March is National Nutrition Month, and this year’s theme, “Discover the Power of Nutrition,” brings the following question to mind: Who can access this power?
We know that nutritious foods can prevent and treat chronic conditions, like diabetes, and can lower healthcare costs, but access to fresh, healthy food has not been equitably available to all. The common term “food desert” has been corrected to “food apartheid” by food justice activists, like Dara Cooper and BILPOC communities who have been most affected, to more accurately describe the inequitable distribution of food access caused by historical and intentional racist and classist policies. This reality is rooted in a legacy of redlining and disinvestment that shapes where grocery stores are located and the kinds of food options available in stores.
Upcoming federal changes to the Supplemental Nutrition Assistance Program (SNAP) will compound these structural barriers and continue to threaten access to healthy food for many residents and families in the HCF service region.
Today, we also recognize Trans Day of Visibility, and visibility in health data matters, too.
Transgender adults are 2.5 times more likely to experience food insecurity than cisgender adults in America, and more than twice as many report barriers beyond food access, including simply not being able to leave home to buy food. These statistics likely undercount reality, as most hunger research measures food insecurity across the LGBTQIA+ community broadly, but trans-specific experiences are not fully understood and are missing from data used to design food and other health programs. This is where the structural issue lies, because when populations are not counted, they are not resourced.

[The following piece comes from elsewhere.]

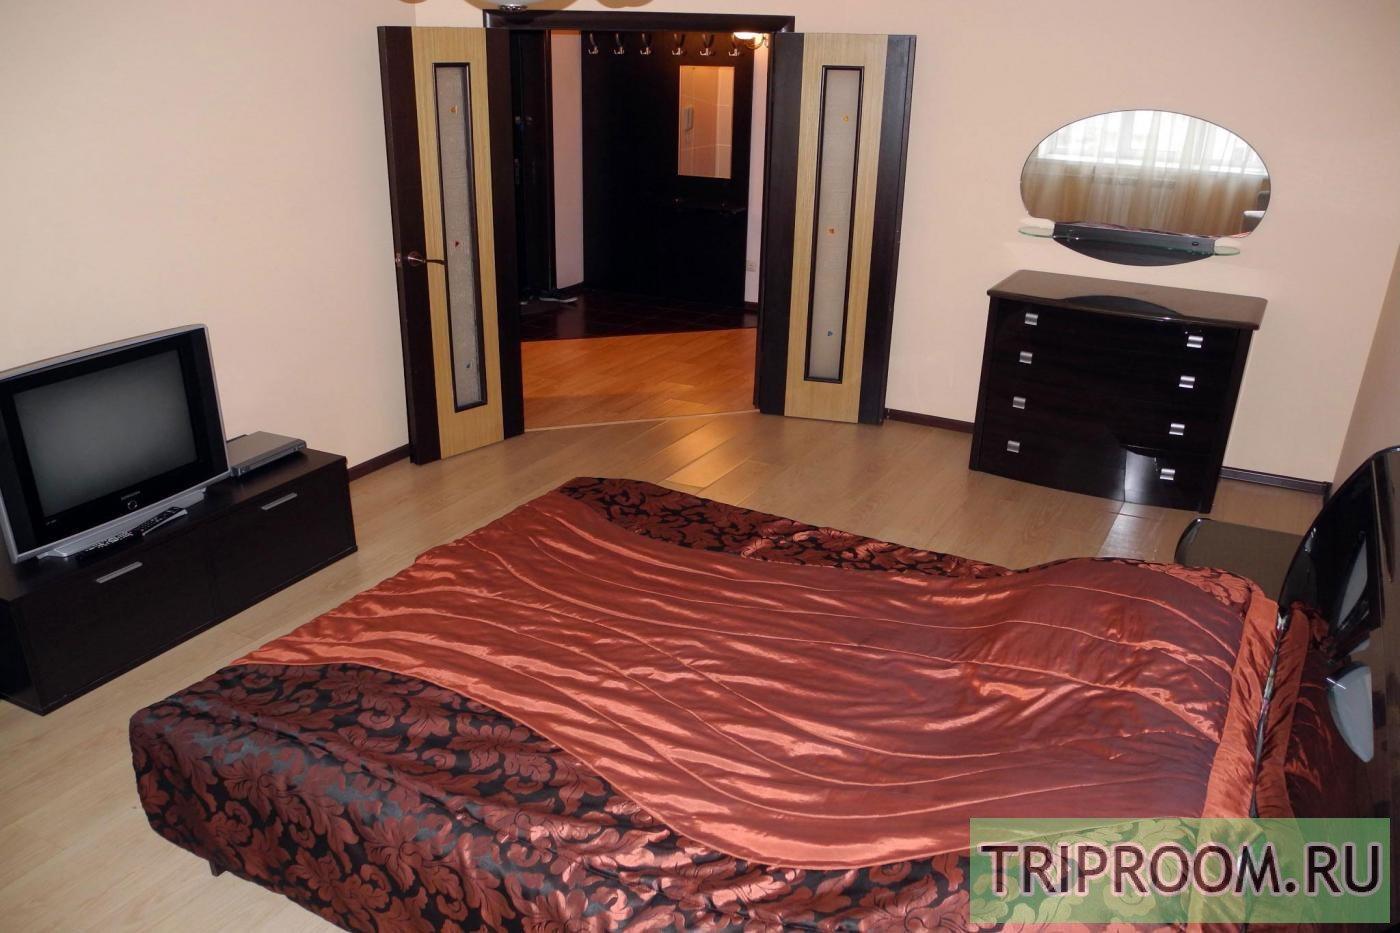 2-комнатная квартира посуточно (вариант № 3876), ул. Войкова улица, фото № 4

Hunger is not just a food access or poverty issue—it is the result of cumulative structural factors that were not designed with everyone in mind. An individual’s health outcomes and life expectancy are impacted by factors such as transportation barriers that make a quick grocery run impossible, language barriers that exclude non-English speakers from understanding public benefits, and housing instability that makes cooking healthy foods difficult. This is how the social and structural determinants of health intersect and how their harmful effects build on each other.
But when communities organize to find and implement solutions together, their effects can also build on each other.
Across the HCF region, our grantee partners are doing the work of building a food system that reflects what communities need to thrive—from Life is Work’s Food Pantry filling the gaps from missed SNAP benefits, to the Forty Acres Fresh Market, a part of Austin Coming Together’s Austin Eats Coalition, making fresh produce available in the Austin neighborhood, to Beyond Hunger, who served a record-high amount of community members in 2025 and now plans to expand their space in 2026, to Dion Dawson, Founder & CEO at Dion’s Chicago Dream, sitting on the Federal Advisory Committee for Urban Agriculture and Innovative Production and fighting hunger at the federal level. Healthy Communities Foundation is proud to be part of that ecosystem.
Discovering the power of nutrition means ensuring everyone in our service region can access that power.